No toilet paper. My training kicks in. I barrel roll under the stall & onto the lap of the person in the next stall. I did not plan for this
Taking yesterday’s bad mood on a multi-day tour
Children; because how else could you collect teeth without seeming psychotic.
Me in my 20’s:
I don’t want to leave the house if my Victoria’s Secret bra doesn’t match my thong.Me in my 40’s:
I don’t want to leave the house.
manipulative people really be like oh so now i’m the bad guy for being the bad guy
He was a sperm,
she was an egg
can i make it anymore ovulous
The best part about talking to a narcissist is how there isn’t any pressure to add to the conversation.
haha, we all make mistakes. for example, i ate some oysters that i found in the hotel hallway & now i can see my ancestors
My wedding didnt even make it into my sister’s instagram september dump but her Starbucks order did
BRUCE WAYNE: [enters meeting room still wearing Batman cape] what’s first today?
NEW GUY: OMG Bruce Wayne is Bat-
INTERN: [covering new guy’s mouth] we pretend we don’t know
There was a time when all I needed was to feed my grandpa’s goldfish, play with fridge magnets, and drink a 7up with a cherry… but daylight savings ruins everything
You can wonder about other people’s motivations or you can hit yourself in the head with a hammer, and the end result is roughly the same.
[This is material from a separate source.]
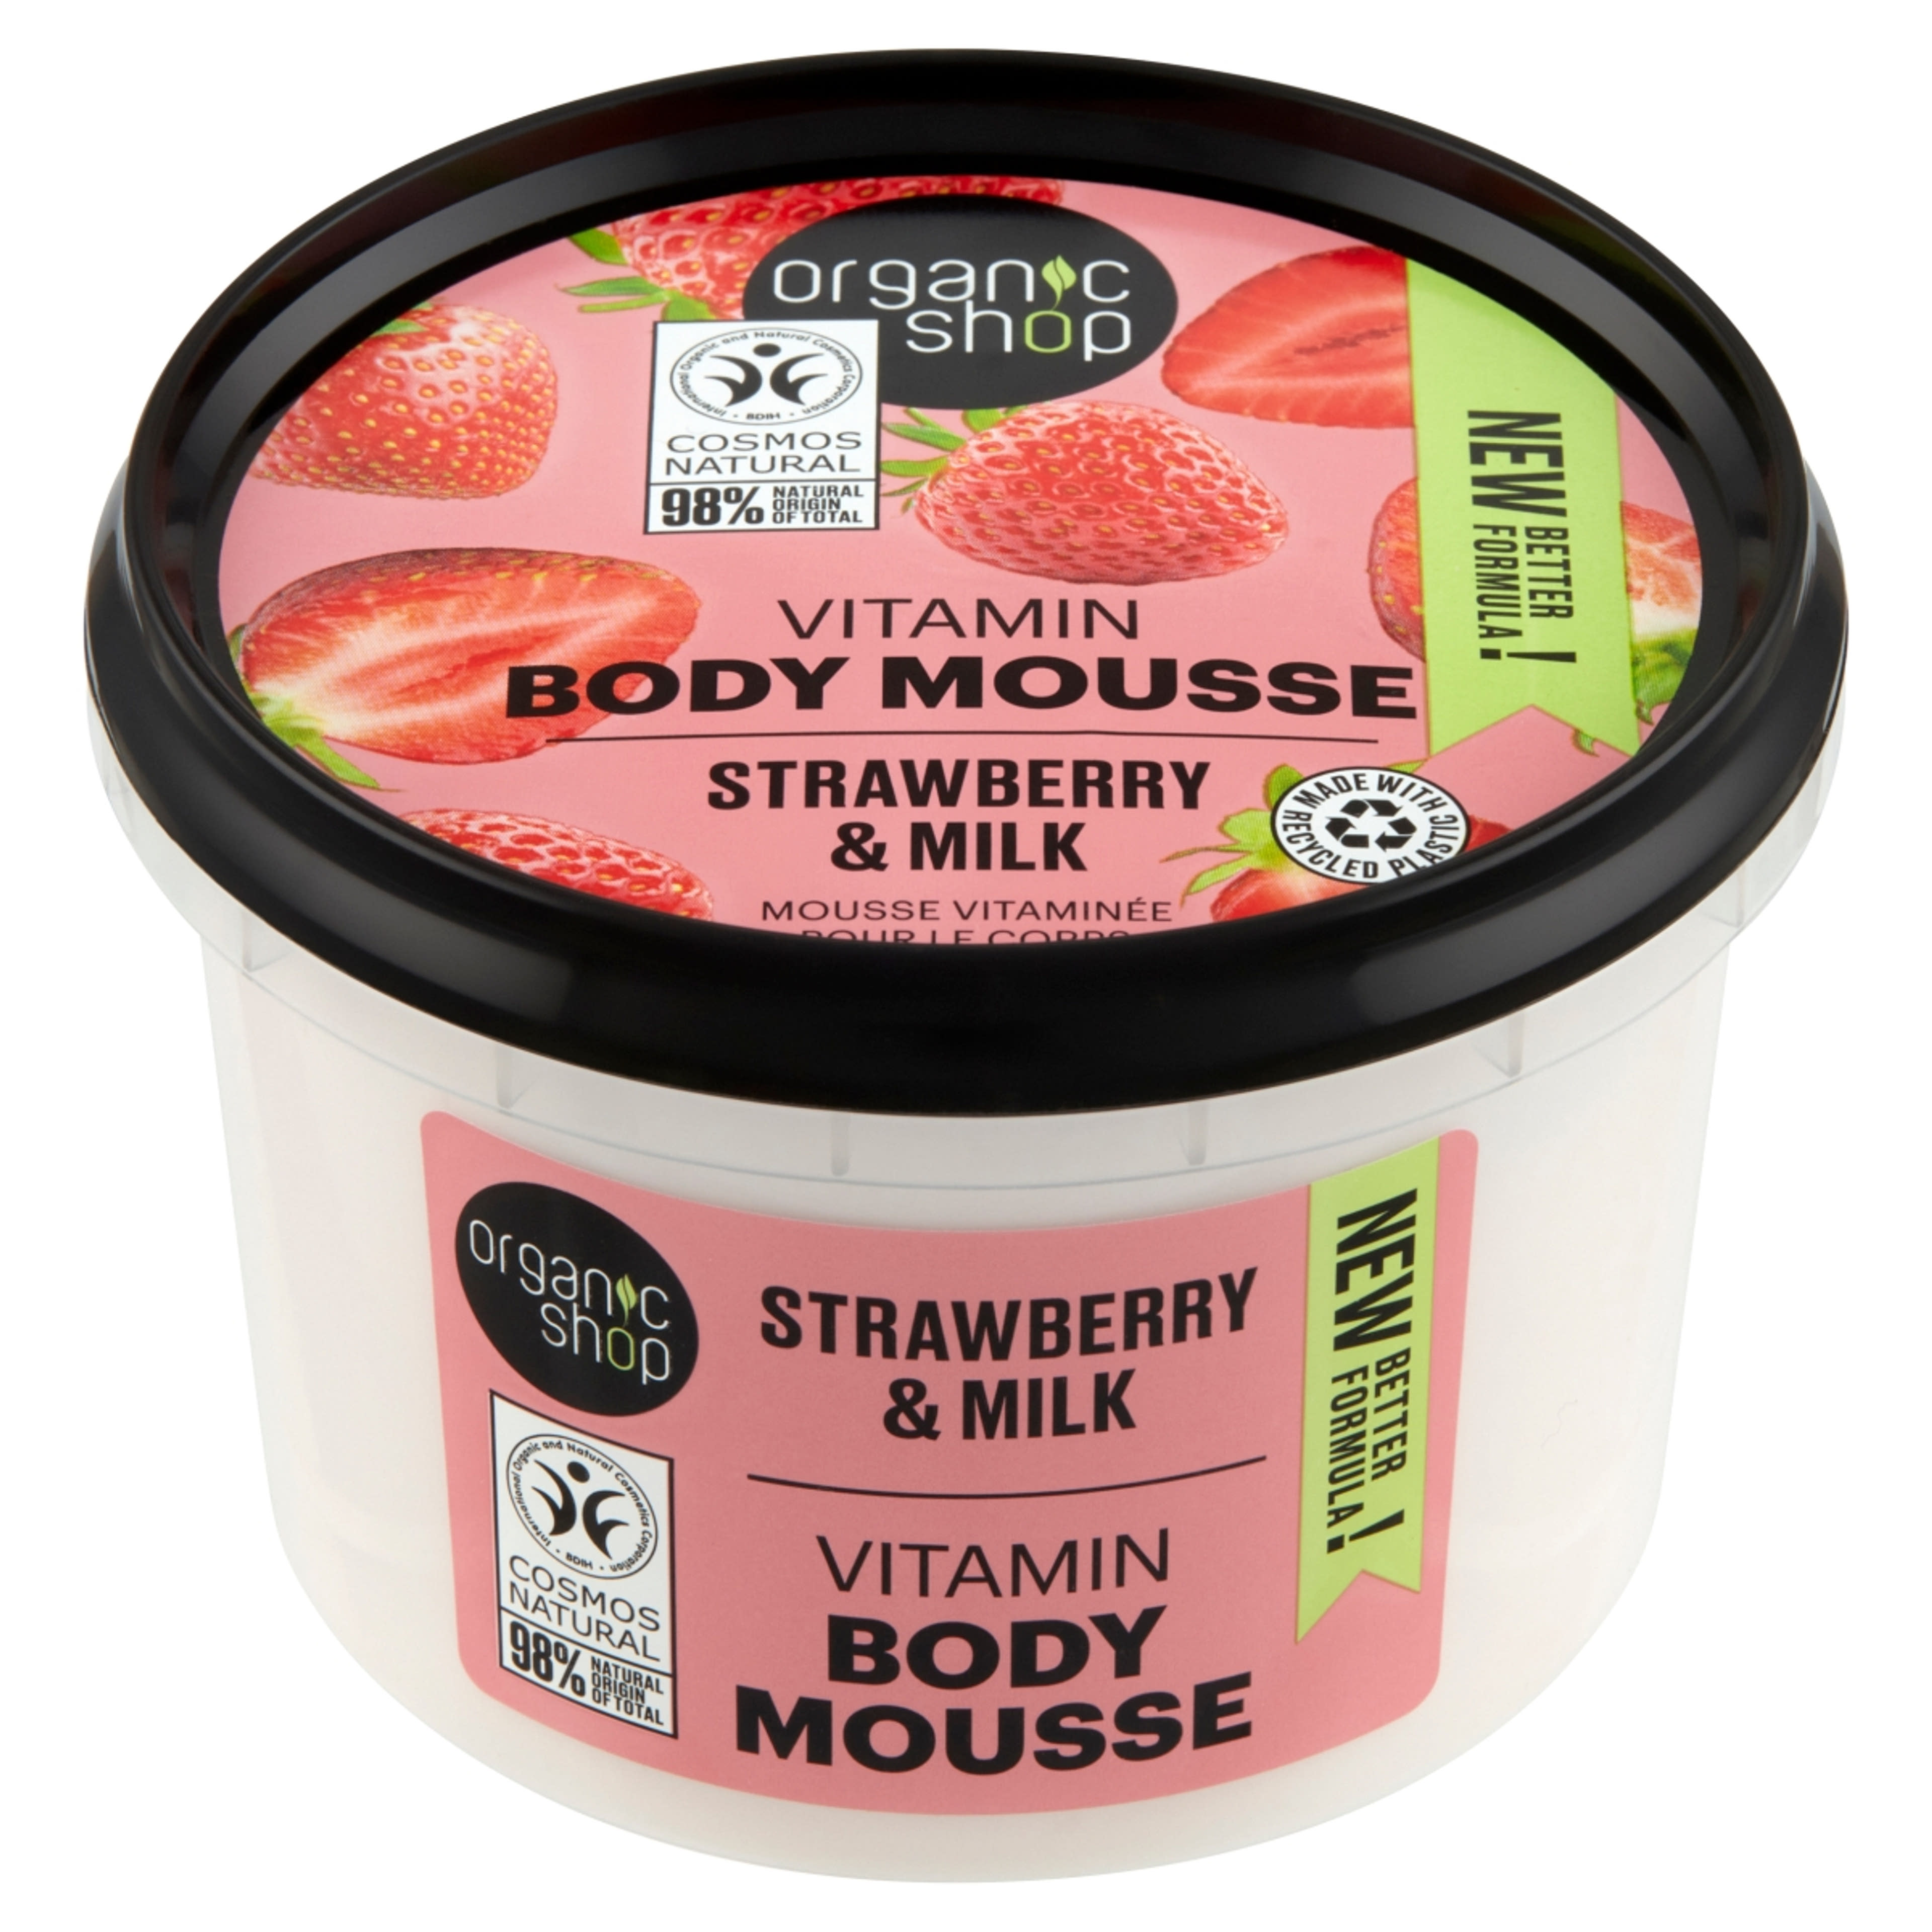 Organic shop epres yoghurt test mousse - 250 ml-2

it’s called “no YOU were supposed to pay the electric bill”
Flight attendant: Is there a doctor onboard?
Dad: *nudging me* that should’ve been you
Me: Not now Dad
Dad: Not asking for a Product Manager to help, are they?
Me: Dad, there’s a medical emergency happening right now
Dad: Go and see if “let’s have a follow-up meeting” helps
after i eat lunch there’s a 1-hour window where you can convert me to any religion
He died doing what he loved: meeting people on Craigslist to buy furniture.
I once dated a girl for 3 months because we were stuck in a hammock.
my ex was like “i know a spot” then took me to the lowest point in my life
Hey did you know that if you step on the gas and brake at the same time your car takes a screenshot.
4 am is a useless time. You can’t fall back to sleep at that hour and there is no point getting up.
When I’m president, we’ll do 11 pm twice and skip 4 am.
[magic school bus]
KID: where are we going today
MS. FRIZZLE: the zoo
KID: but last week we went to SPACE
MS. FRIZZLE: im hungover, children
When someone at work asks you what you’re doing this weekend, just pull a lettuce leaf out of your pocket and slowly start licking it.
My fear of ascending to the top of shopping malls is escalating.